LAYER—is the layer index of a river cell included in the cell group.

ROW—is the row index of a river cell included in the cell group.

COLUMN—is the column index of a river cell included in the cell group.

FACTOR—is the portion of the simulated gain or loss in the cell that is included in the total simulated gain or loss for this cell group (fn of eq. 9).
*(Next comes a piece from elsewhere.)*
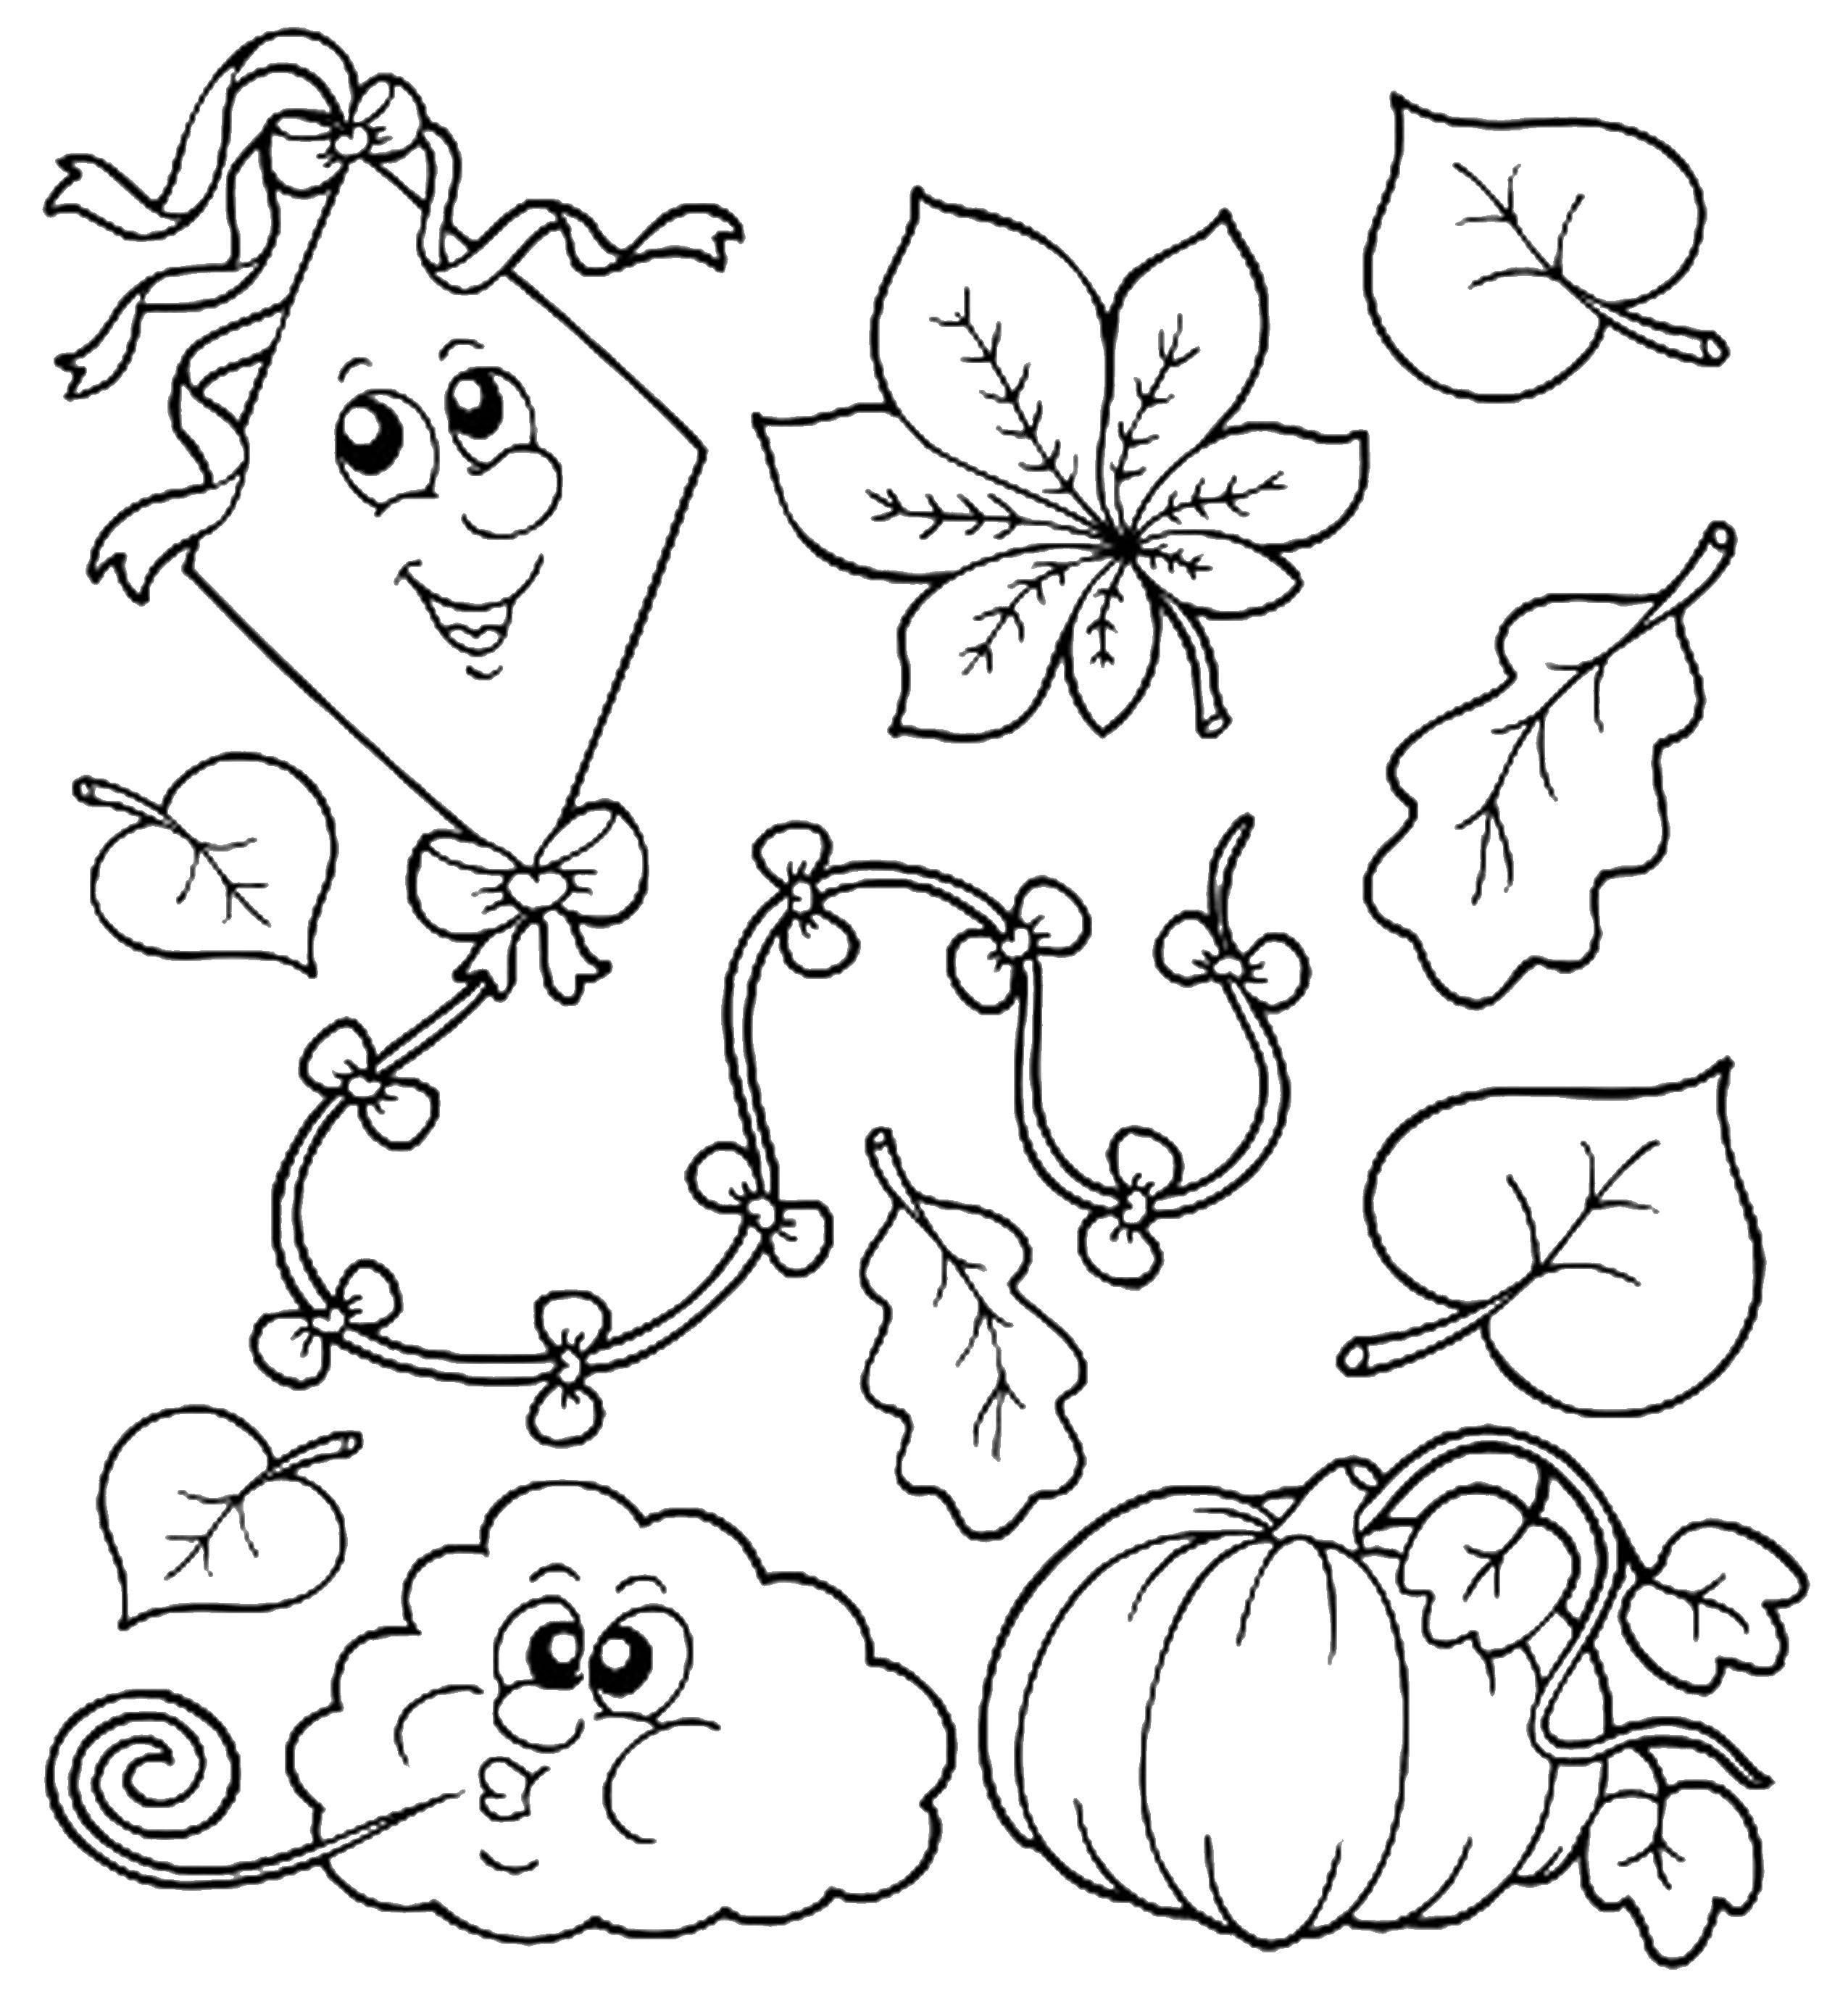 Coloring Leaves, a kite, pumpkin, cloud. Category Autumn. Tags:  autumn, leaves, pumpkin, kite.

Read items 6 and 7 if IOWTQRV is greater than 0. Items 6 and 7 are not available in MODFLOW-2005 and MODFLOW-LGR.

Data Set 6

FMTIN IPRN (free format)

FMTIN—is the Fortran format to be used in reading each line of the variance-covariance matrix used to calculate the weighting. The format needs to be enclosed in parentheses and needs to accommodate real numbers.

IPRN—is a flag identifying the format in which the variance-covariance matrix is printed. If IPRN is less than zero, the matrix is not printed. Permissible values of IPRN and corresponding formats are:

Output requires more than 80 columns

Output requires 80 columns or less

IPRN

FORMAT

IPRN

FORMAT

1

10G12.3

6

5G12.3

2

10G12.4

7

5G12.4

3

9G12.5

8

5G12.5

4

8G13.6

9

4G13.6

5

8G14.7

10

4G14.7

 

Data Set 7

WTQ(1,1), WTQ(1,2), WTQ(1,3), ... , WTQ(1,NQTRV) (format: FMTIN)
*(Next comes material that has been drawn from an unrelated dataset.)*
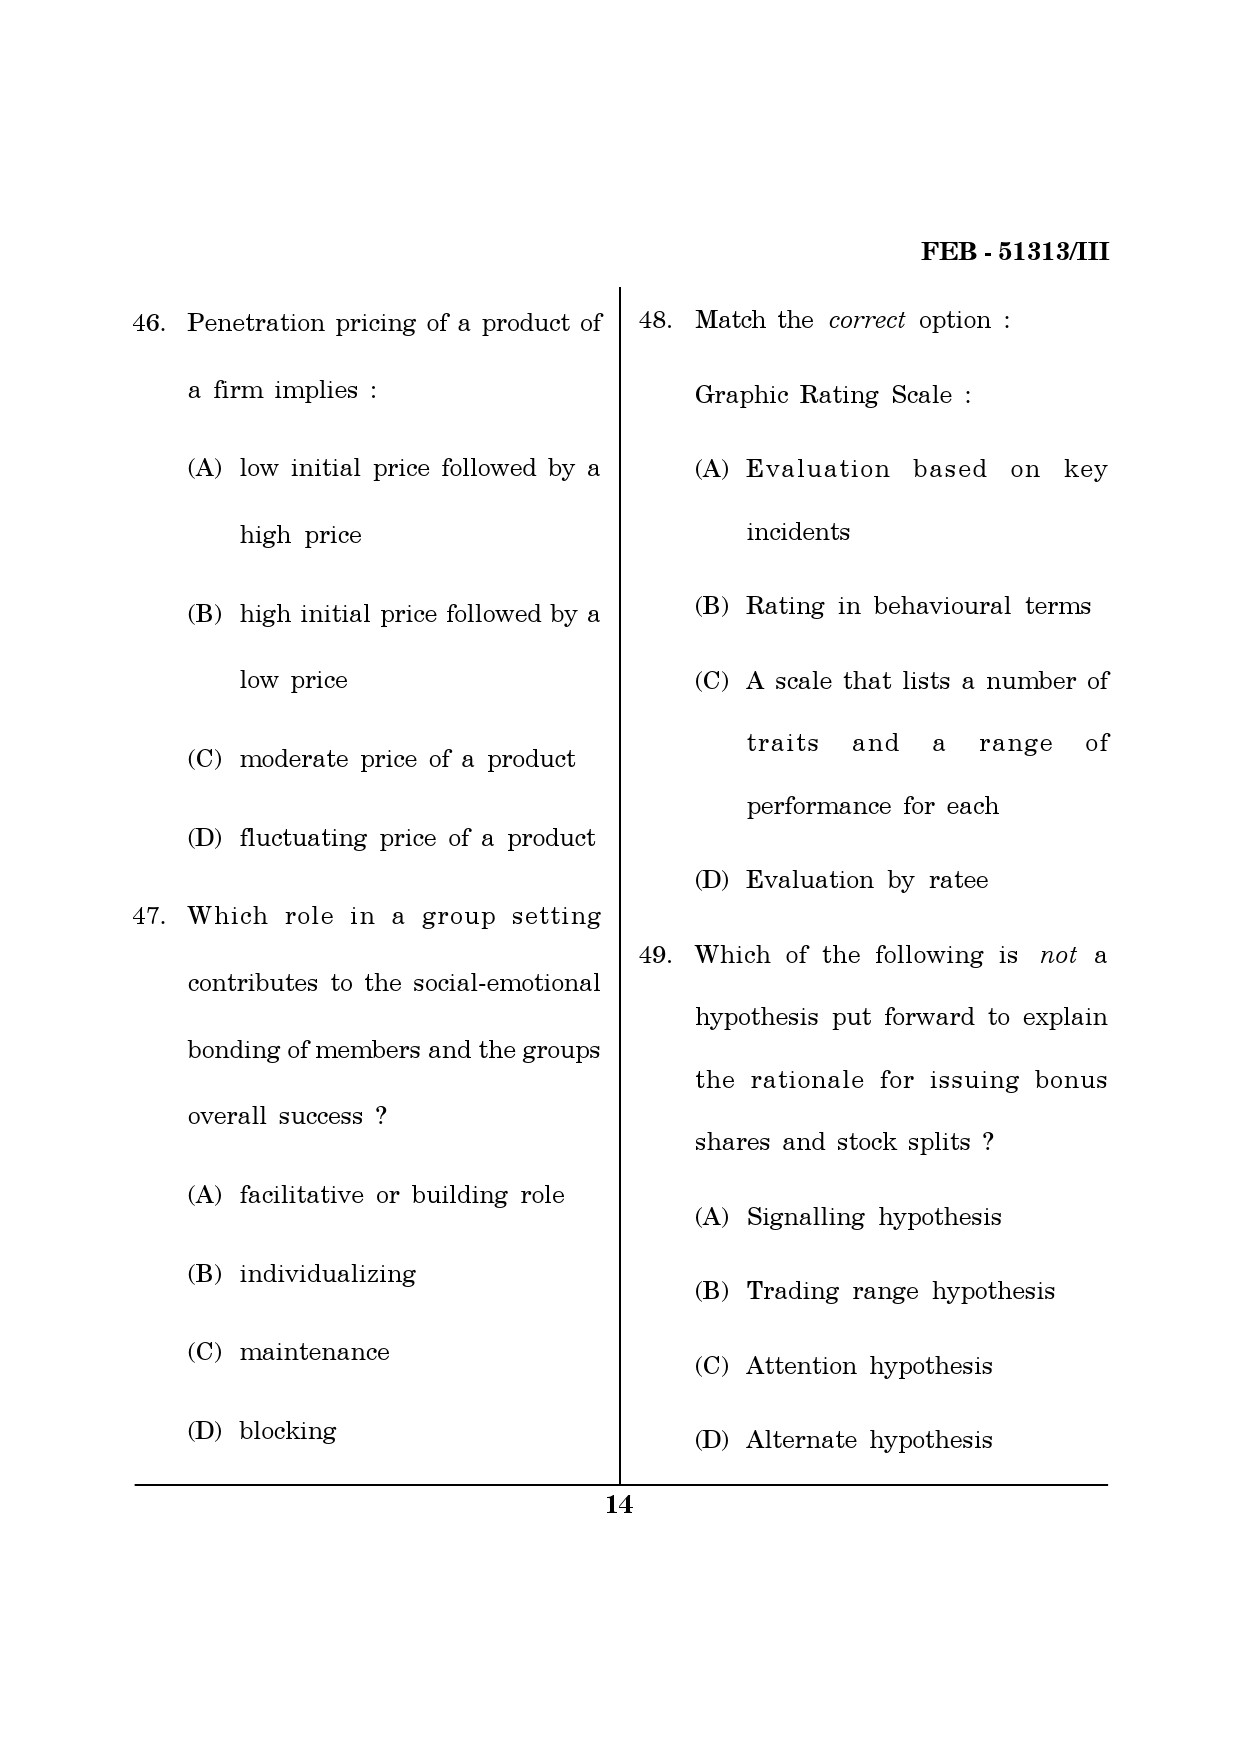 Maharashtra SET Management Question Paper III February 2013 14

WTQ(2,1), WTQ(2,2), WTQ(2,3), ... , WTQ(2,NQTRV)

...

WTQ(NQTRV,1), WTQ(NQTRV,2), WTQ(NQTRV,3), ... , WTQ(NQTRV,NQTRV)

WTQ—is an NQTRV by NQTRV array containing the variance-covariance matrix on river observations [(L3/T)2]. For elements WTQ(I,J), if I <> J, WTQ(I,J) is the covariance between observations I and J; if I = J, WTQ(I,J) is the variance of observation I. Note that the variance-covariance matrix is symmetric, but the entire matrix (upper and lower parts) must be entered.